The title may be too general. I am benchmarking the following 2 statements on a large vector<unsigned> v:
sort(v.begin(), v.end(), l);
sort(v.begin(), v.end(), [](unsigned a, unsigned b) { return l(a, b); });
where l is defined as
bool l(unsigned a, unsigned b) { return a < b; }
The result surprises me: the second is as fast as sort(v.begin(), v.end()); or sort(v.begin(), v.end(), std::less<>()); while the first is significantly slower.
My question is why wrapping the function in a lambda speeds up the program.
Moreover, sort(v.begin(), v.end(), [](unsigned a, unsigned b) { return l(b, a); }); is as fast, too.
Related code:
#include <iostream>
#include <vector>
#include <chrono>
#include <random>
#include <functional>
#include <algorithm>
using std::cout;
using std::endl;
using std::vector;
bool l(unsigned a, unsigned b) { return a < b; };
int main(int argc, char** argv)
{
auto random = std::default_random_engine();
vector<unsigned> d;
for (unsigned i = 0; i < 100000000; ++i)
d.push_back(random());
auto t0 = std::chrono::high_resolution_clock::now();
std::sort(d.begin(), d.end());
auto t1 = std::chrono::high_resolution_clock::now();
cout << std::chrono::duration_cast<std::chrono::nanoseconds>(t1 - t0).count() << endl;
d.clear();
for (unsigned i = 0; i < 100000000; ++i)
d.push_back(random());
t0 = std::chrono::high_resolution_clock::now();
std::sort(d.begin(), d.end(), l);
t1 = std::chrono::high_resolution_clock::now();
cout << std::chrono::duration_cast<std::chrono::nanoseconds>(t1 - t0).count() << endl;
d.clear();
for (unsigned i = 0; i < 100000000; ++i)
d.push_back(random());
t0 = std::chrono::high_resolution_clock::now();
std::sort(d.begin(), d.end(), [](unsigned a, unsigned b) {return l(a, b); });
t1 = std::chrono::high_resolution_clock::now();
cout << std::chrono::duration_cast<std::chrono::nanoseconds>(t1 - t0).count() << endl;
return 0;
}
Tested on both g++ and MSVC.
Update:
I found that the lambda version generate exactly same assembly code as default one (sort(v.begin(), v.end())), while the one using a function is different. But I do not know assembly and thus can't do more.

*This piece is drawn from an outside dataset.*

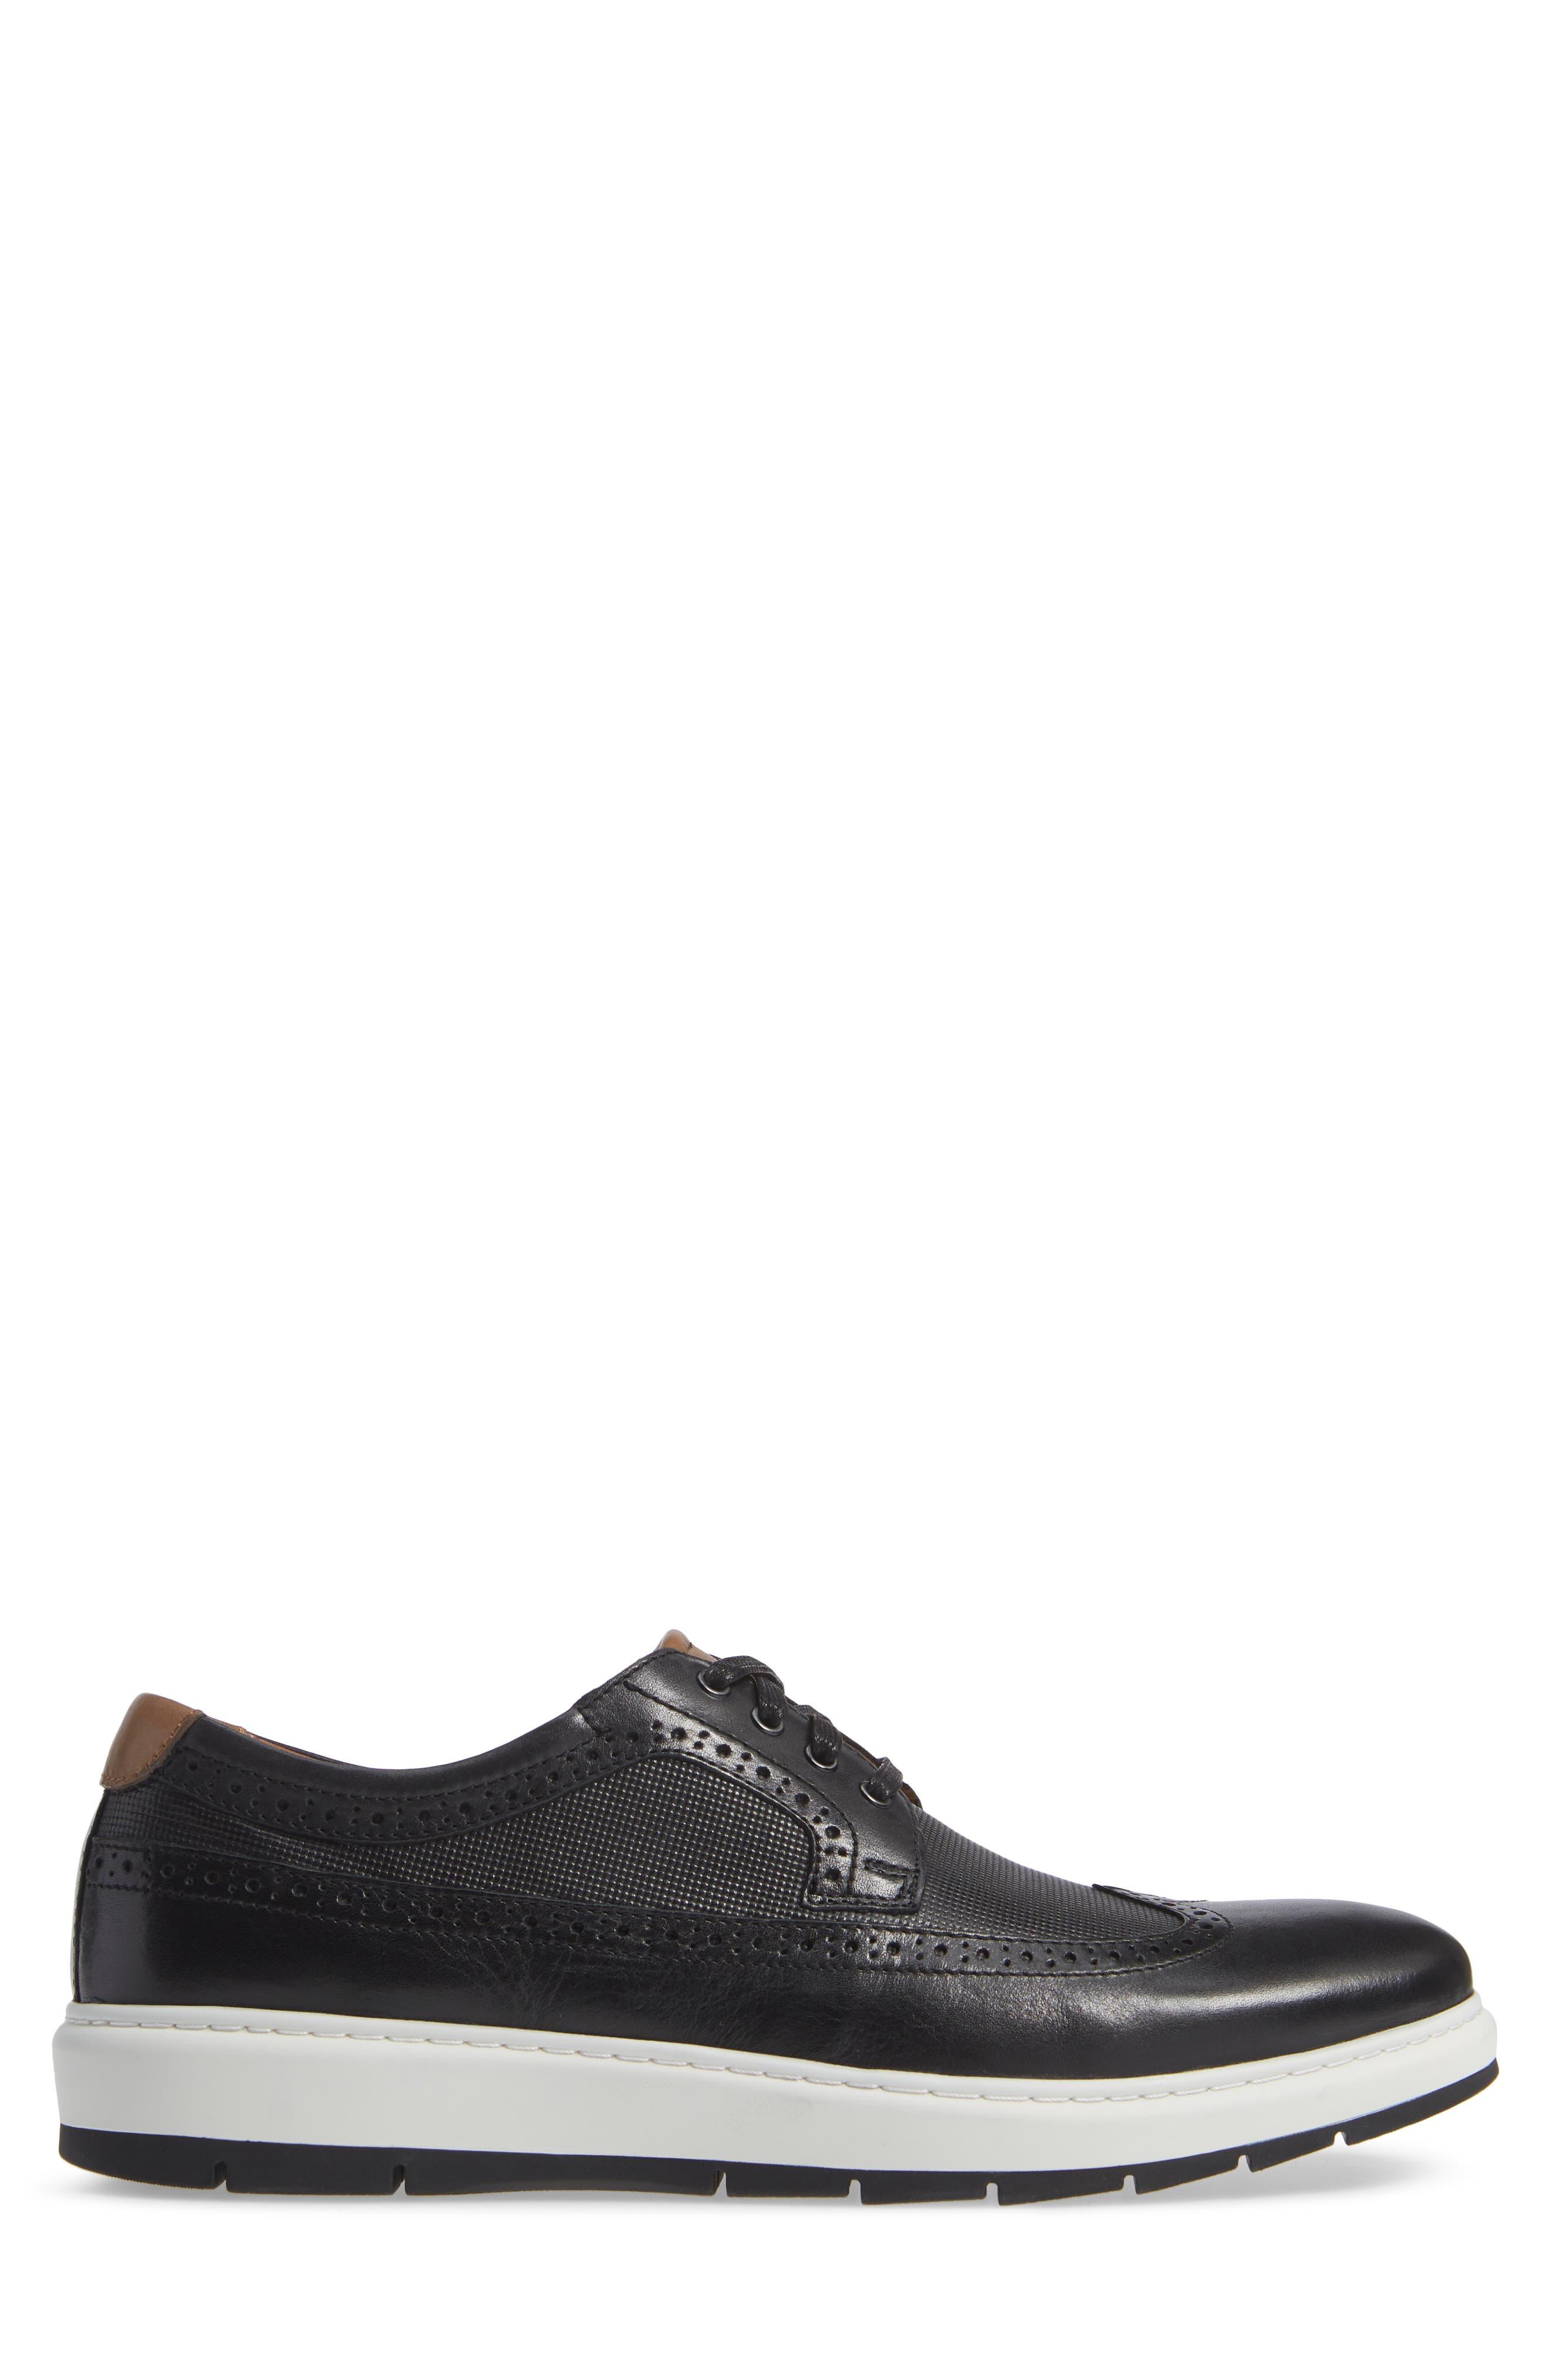 Elliston Wingtip Sneaker,                             Alternate thumbnail 3, color,                             BLACK LEATHER

sort is potentially a big function, so it's usually not inlined. Therefore, it is compiled alone. Consider sort:
template <typename RanIt, typename Pred>
void sort(RanIt, RanIt, Pred)
{
}
If Pred is bool (*)(unsigned, unsigned), there is no way to inline the function — a function pointer type cannot uniquely identify a function. There is only one sort<It, It, bool (*)(unsigned, unsigned)>, and it is invoked by all calls with different function pointers. The user passes l to the function, but that's just processed as an ordinary argument. It is therefore impossible to inline the call.
If Pred is a lambda, it is trivial to inline the function call — the lambda type uniquely identifies a function. Every call to this instantiation of sort invoke the same (lambda) function, so we don't have the problem for function pointers. The lambda itself contains a direct call to l, which is also easy to inline. Therefore, the compiler inlines all function calls and generate the same code as a no-predicate sort.
The case with a function closure type (std::less<>) is similar: the behavior of calling a std::less<> is fully known when compiling sort, so inlining is trivial.